Marisha had no idea her mention of the Cobalt Soul would carry so much weight with the Plank King. It was a last-ditch effort after Fjord’s diplomacy fell flat with him. Travis desperately wants to know how much of what Beau said was true.
Brian: “Only Mercer could make Plank King cool again... Planking? Remember?” There is a brief threat of mutiny in the studio. It’s a Tuesday.
Matt mentioned to Marisha that, if Avantika had been allowed to speak, she would’ve called for a trial. Things could’ve gone very wrong for the Nein.
Out-of-context quote of the night: Dani: “Can you fit a puppy in your pocket?” Travis: “Yes, I’m enormous.”
Beau is surrounded by people who can do all sorts of absurd magic, “so of course she’s like, ‘Yeah, I can punch the shit out of you. I’ll start a fucking fight to do it!’”
Travis isn’t working with anything custom for his class, apart from the sword. Brian: “So your gag reflex is right out of the Handbook?” Travis: “That and personal experience.”
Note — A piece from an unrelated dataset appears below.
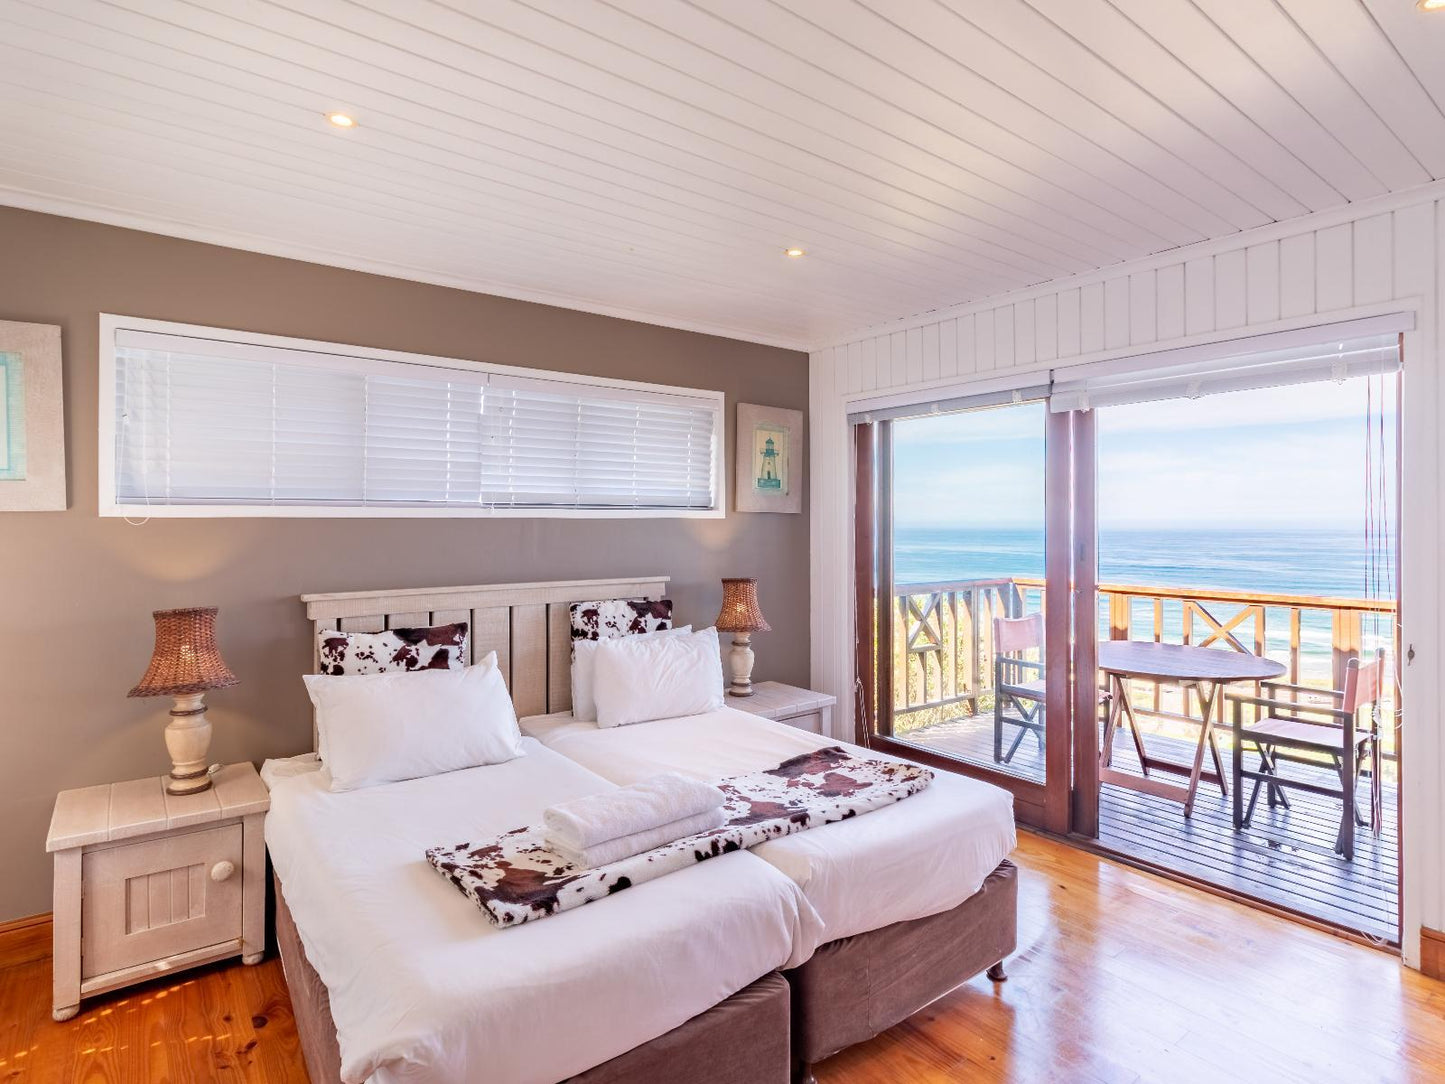 2 Bedroom Duplex Chalet - Sea Facing @ Boardwalk Lodge - Self Catering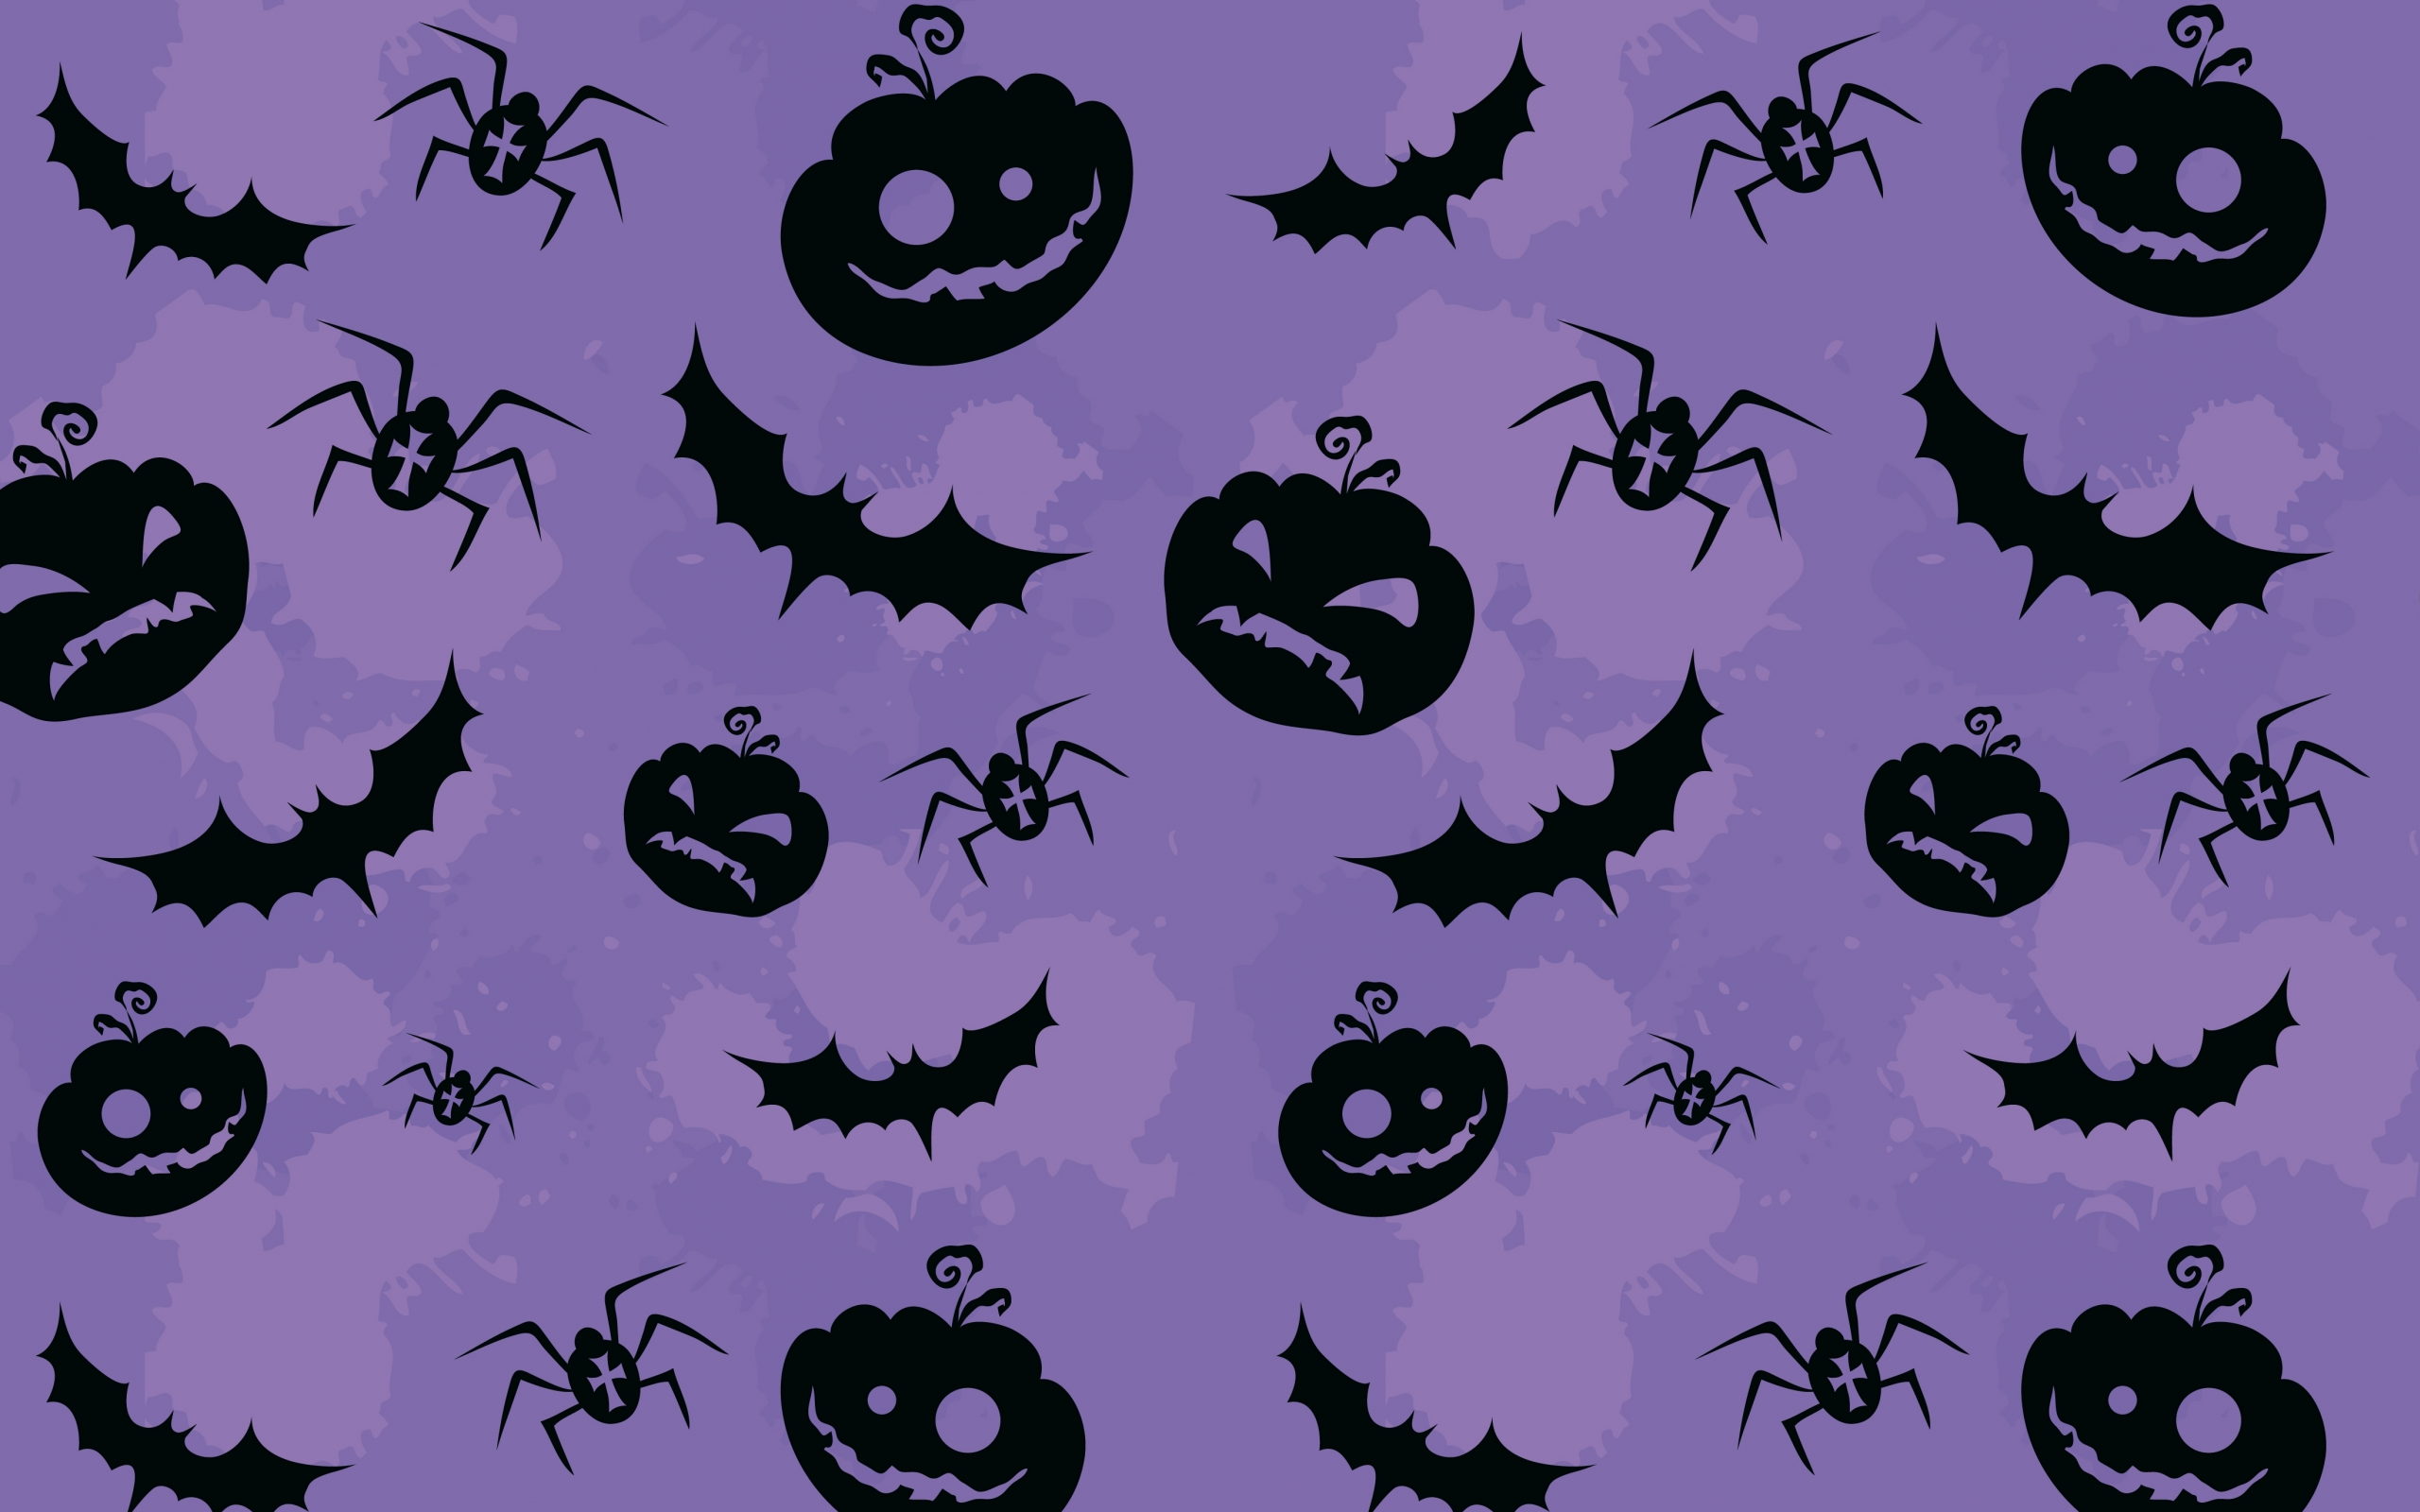 textures, halloween pumpkins, тыквы, creepy, bats and spiders

Travis on Fjord’s reaction to Avantika’s death: “All great stories are laced with truth. That fucked me up, because I hadn’t realized until that point that if she’s toast, I won’t get to ask her questions.” Not to mention the whole island having reactions to Vandren’s name. “I went back and watched it twice. The ritual, the tattoos, how she found her sphere, all of that shit, I’m feeling more like I knew less of the man than I thought I knew, and she knew more about him than I ever did. It’s fucking me up.”
Fanart of the Week: “I... wait.”
Marisha on Avantika’s very sudden death: “You know how things happen, and you go, wow, I should’ve seen that coming...” The outcome of the first plan was just to get her arrested, and then the fight happened, so she wasn’t thinking about immediate repercussions. She was expecting an arrest, and maybe she’d get executed after they left, but “I mean... that was brutal.” Travis: “It just kept escalating, and then she kept saying nothing after nothing. We’re going to be front row center for this.”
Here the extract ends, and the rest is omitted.